Но это не та проблема, которая могла бы заинтересовать левых. Вы, наверное, и сами это заметили. А правые вовсе не считают её проблемой. Правые пока еще не успели назвать проблему неважной по примеру левых, которые всегда в авангарде. И поскольку они в авангарде, то на виду и их позиция: «Да, проблема есть. Просто она не так уж важна». Правые же, эти динозавры, просто отрицают, что она существует. И нам предлагается выбирать между ними.

Итак, мы, феминистки, смотрим на общество, в котором живём, и пытаемся понять, как бороться с мужской властью. Чтобы понять как победить её, мы должны выяснить, как она организована, как работает. Как она выживает? На чем основана? Как самовоспроизводится?

Мы наблюдаем за мужской властью, за всеми её институтами, пытаемся понять, как они устроены. Нам нужно сломать эту систему — фигурально выражаясь, насыпать песка в их бензобак. Так что мы пытаемся придумать как это сделать.

Мы должны понять, какую роль в поддержании мужской власти над женщинами играют правые и левые, причем смотреть надо не на то, что они говорят, а что делают. Мы должны выйти за рамки реальности, которую они создают для нас своими речами, представляя её так или этак, в зависимости от обстоятельств: «Малышки, мы знаем, что для вас лучше. Мы действуем в ваших интересах». Правые обещают нам мужа, которому, да, действительно, придется повиноваться, но ведь он будет любить нас в обмен на повиновение. Тем более бывают ситуации (как та, в которой мы живём) в которых такой выбор кажется не самым худшим. Ведь это сокращает количество мужчин, которым мы должны повиноваться, с нескольких миллионов до одного.

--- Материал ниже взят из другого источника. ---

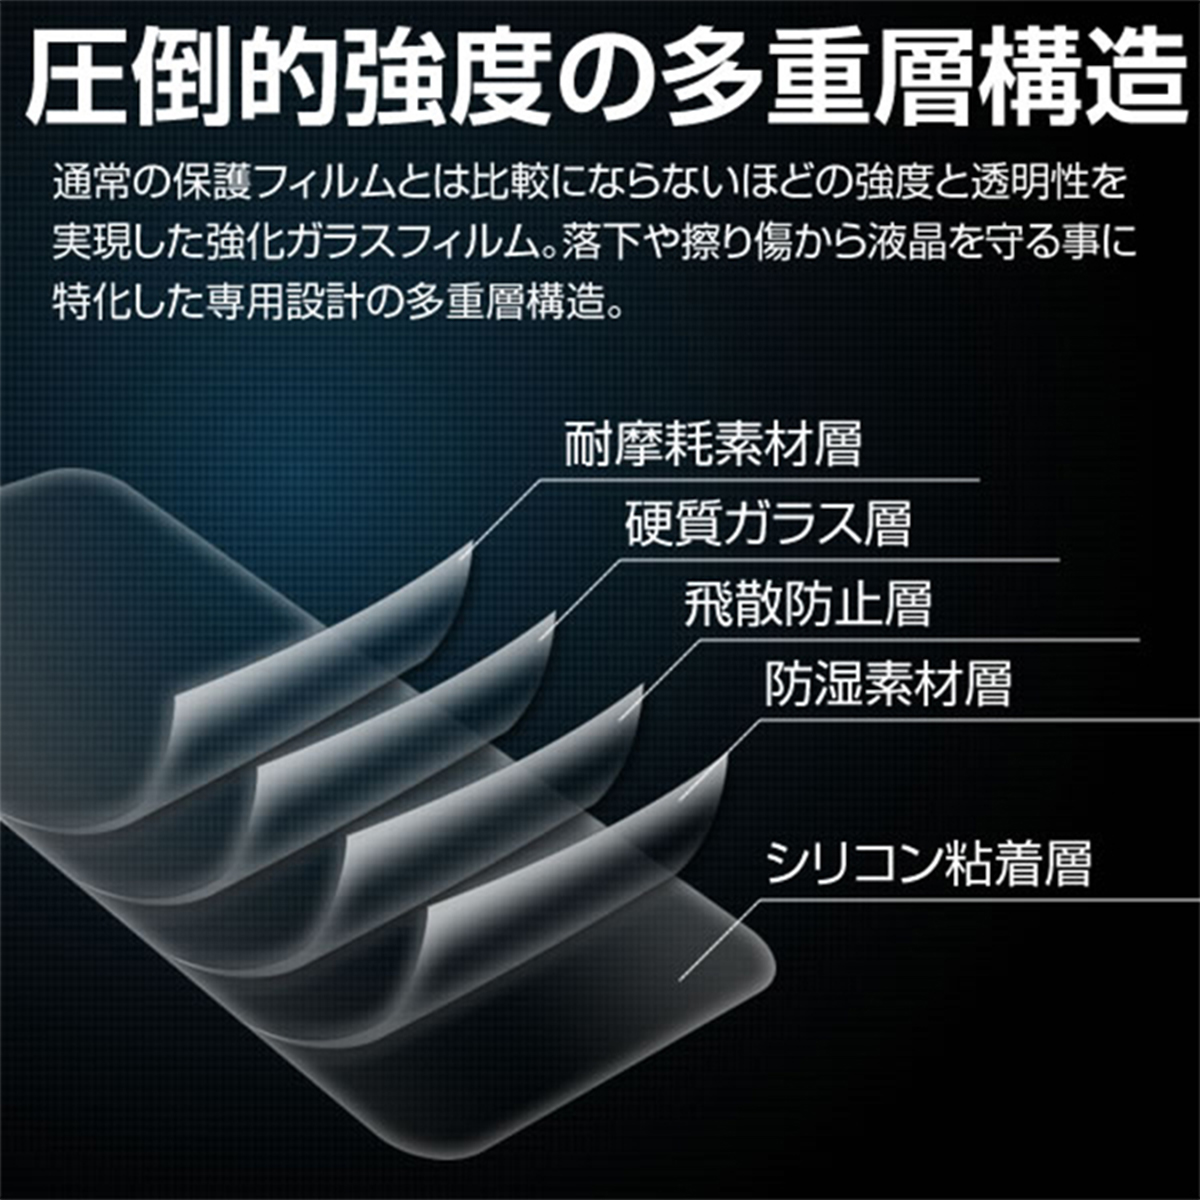 Xiaomi Mi Note 10 全面吸着カラー強化ガラス保護フィルム 9H

А левые говорят — в полной уверенности что осчастливили нас — «Малышки, (или, если они особенно прогрессивны, то могут сказать «тёлки», потому что именно так они представляют себе свободу — свободу называть нас так, как им вздумалось в данный момент) малышки, хорошо, мы дадим вам доступ к абортам, а вы дадите нам сексуальный доступ к своим телам. Но если вы перестанете быть доступными и начнёте пороть всю эту чушь про автономное женское движение, то мы прекратим любую поддержку, которую оказывали вам в борьбе за право на аборт: денежную, политическую, общественную. Если ваше право на аборт не будет означать вашу сексуальную доступность для нас, девочки, то вы его не получите». Вот что они делают с нами последние 15 лет.

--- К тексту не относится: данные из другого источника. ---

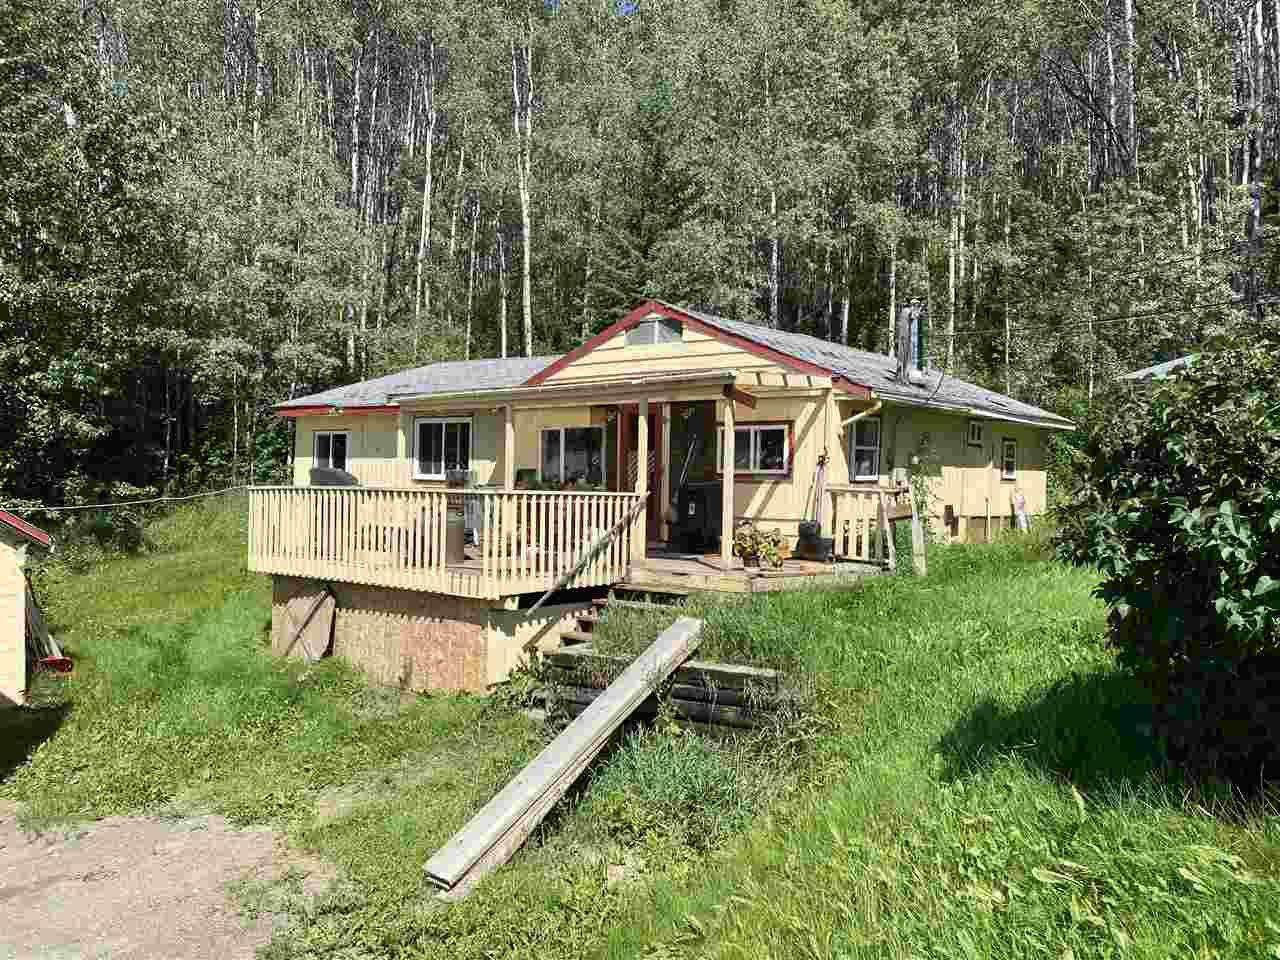 Main Photo: 2100 NASH Road in Burns Lake: Burns Lake - Rural West House for sale (Burns Lake (Zone 55))  : MLS®# R2481912

И вот приходим мы, феминистки, и заявляем, что собираемся изучить, как эти люди действуют. Что собираемся подойти к проблеме политически. Это означает, что мы попробуем выявить и описать системы эксплуатации, и то, как они воздействуют на нас — с точки зрения потерпевших. Это значит, что хотя мы и находимся в самом низу, а они на самом верху, мы будем искать их уязвимые места. И как только мы найдём эти места в их анатомии или где угодно, мы соберём все силы чтобы любым способом избавиться от этого коллективного ублюдка. Это значит, что мы собираемся организовать политическое сопротивление мужскому господству.

Сначала мы говорили о революции. Мы улыбались, смеялись и витали в облаках. Нам казалось, что это будет легко. Почему-то мы не понимали, что власть имущим идея революции может не понравиться. Они занервничали, когда мы стали организовываться. Затем они стали все больше раздражаться, когда начали понимать свою уязвимость, понимать, что мужское превосходство вовсе не гигантский монолит, данный им богом или природой. (Бог — это для правых, природа — для левых).

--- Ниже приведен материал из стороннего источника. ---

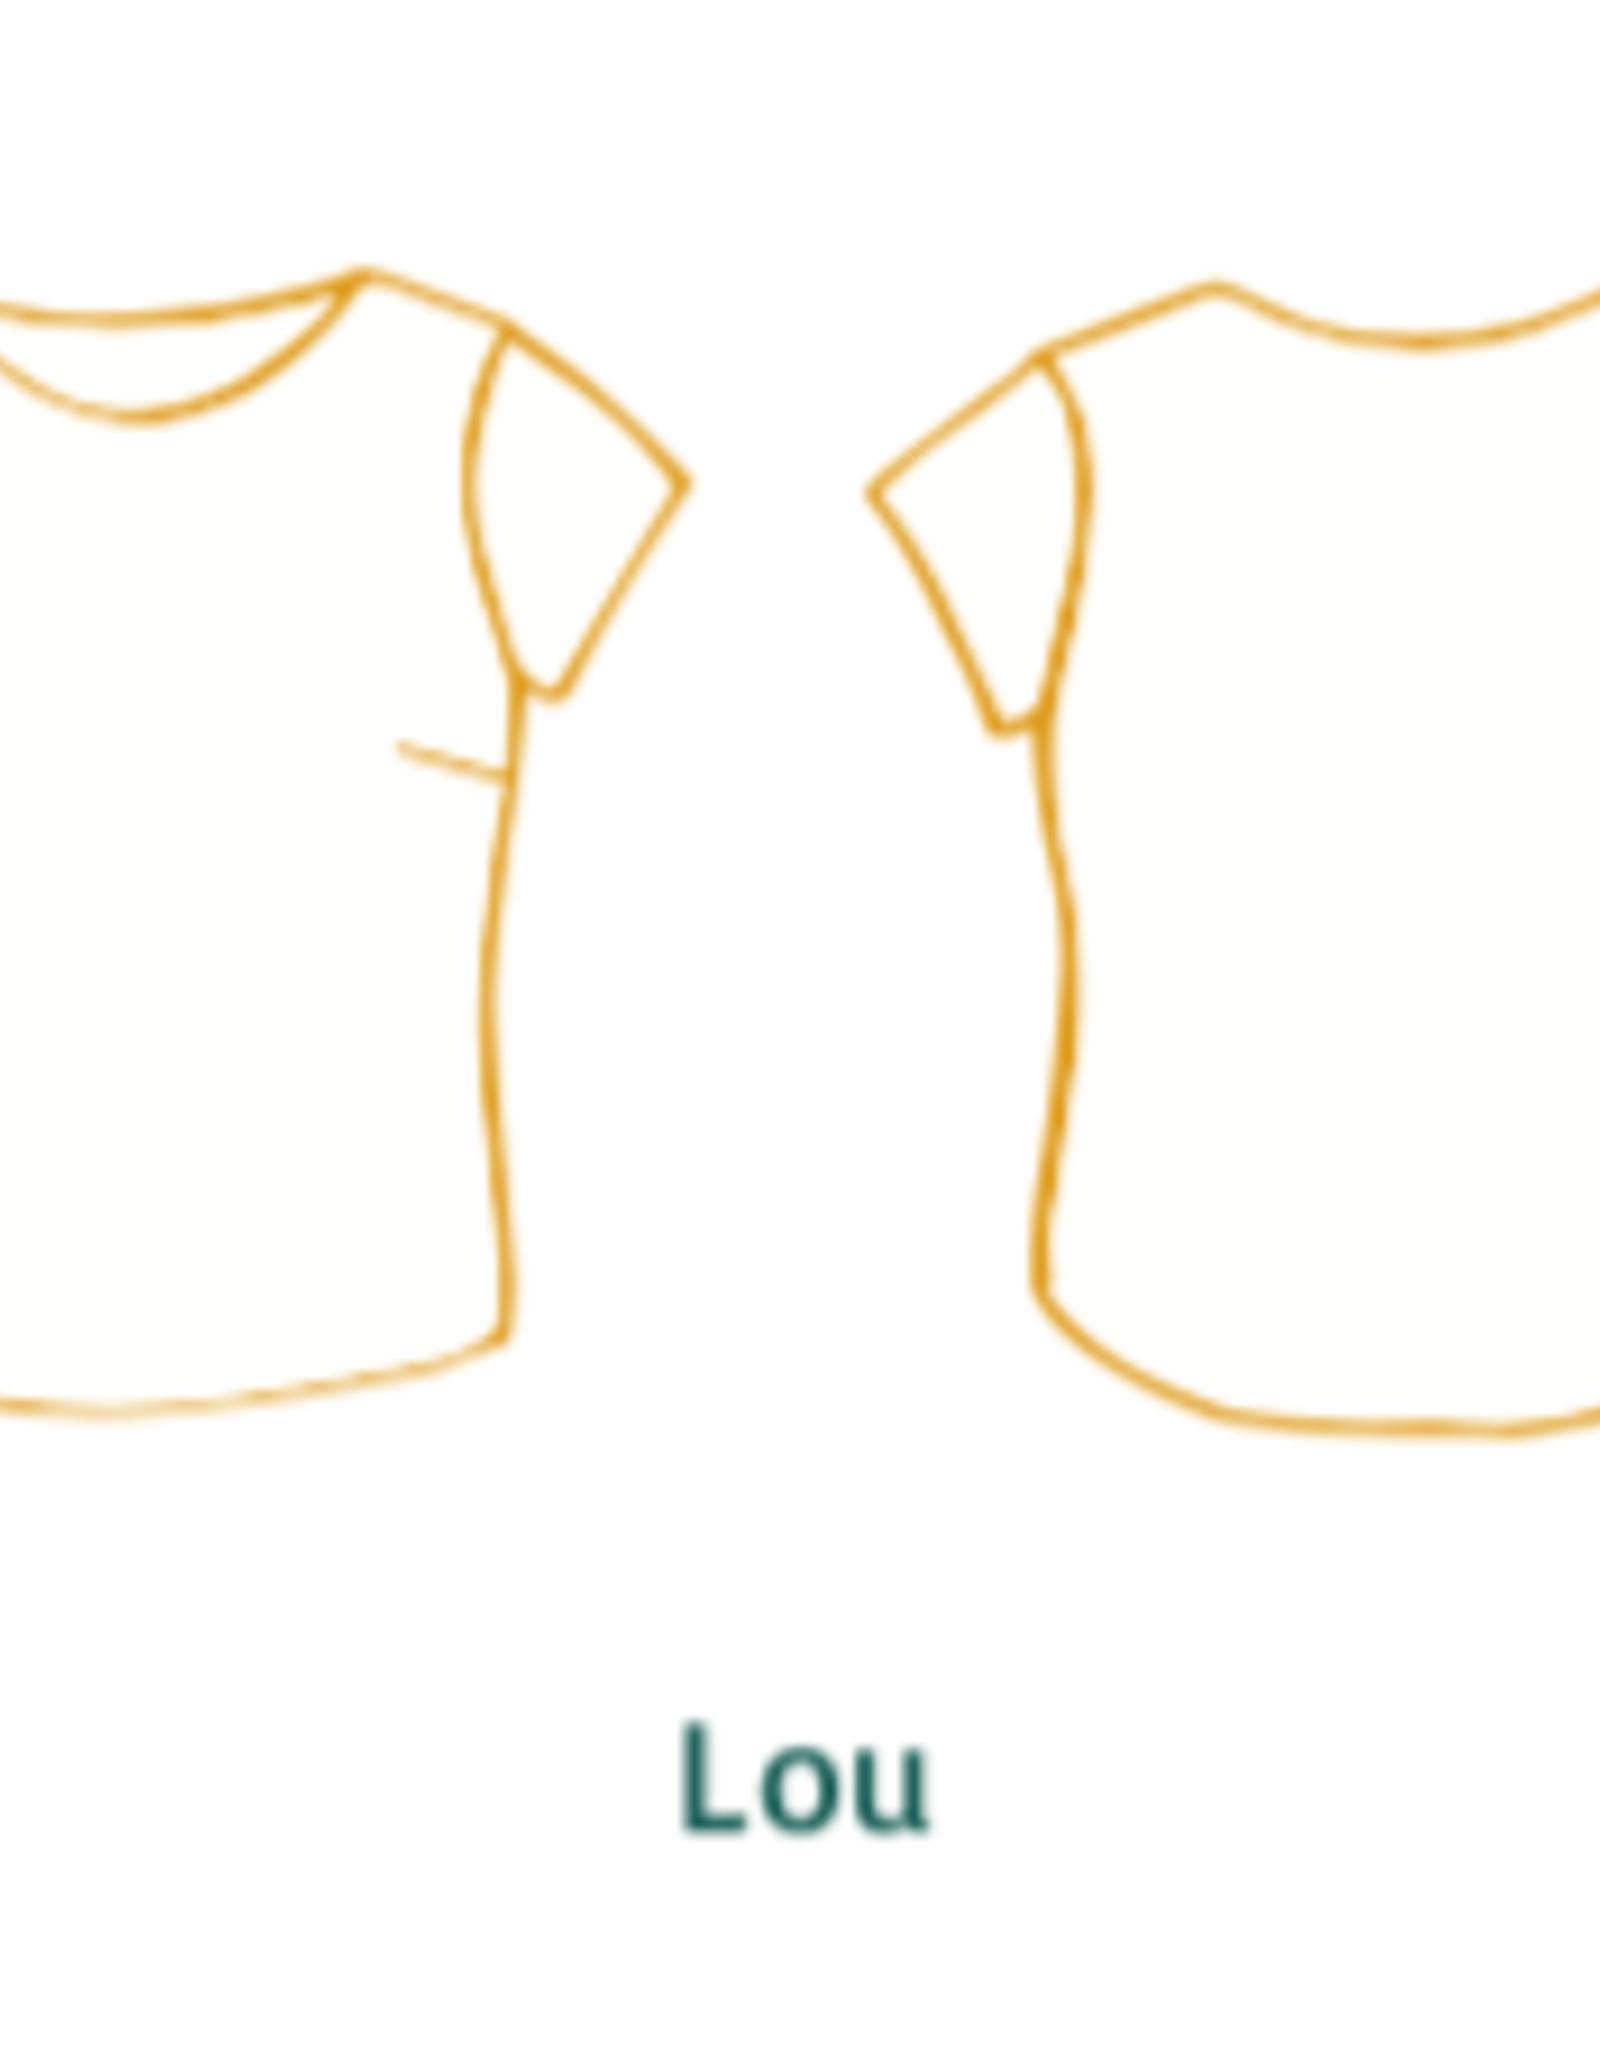 Charlotte en Lou jurk en top

Оказалось, что, хотя мгновенная революция невозможна, возможно последовательное, серьёзное, организованное сопротивление мужской власти и её институтам, которые вредят женщинам. Мы начали это понимать, но понимать начали и они.

И тогда настали трудные времена для женского движения. Люди, у которых мы собирались отнять власть, не просто продолжили издеваться над нами, как делали это в течение сотен и тысяч лет. Они организовались политически, чтобы остановить нас. Вот так.

В общем, когда я говорю о сопротивлении, я говорю об организованном, политическом сопротивлении. Я не говорю о чем-то временном и мимолетном. Я не говорю об ощущениях. Я не говорю о том, чтобы продолжать жить, просто храня в сердце хорошие, благородные, замечательные идеи о том как все устроить по справедливости. Я говорю о том, чтобы поставить на кон тело и разум и посвятить себя годам борьбы для того чтобы изменить общество, в которым мы живём. Это не означает перевоспитания знакомых мужчин с целью улучшения их манер, хотя это было бы неплохо. Но прошло 15 лет. Их манеры ничуть не улучшились.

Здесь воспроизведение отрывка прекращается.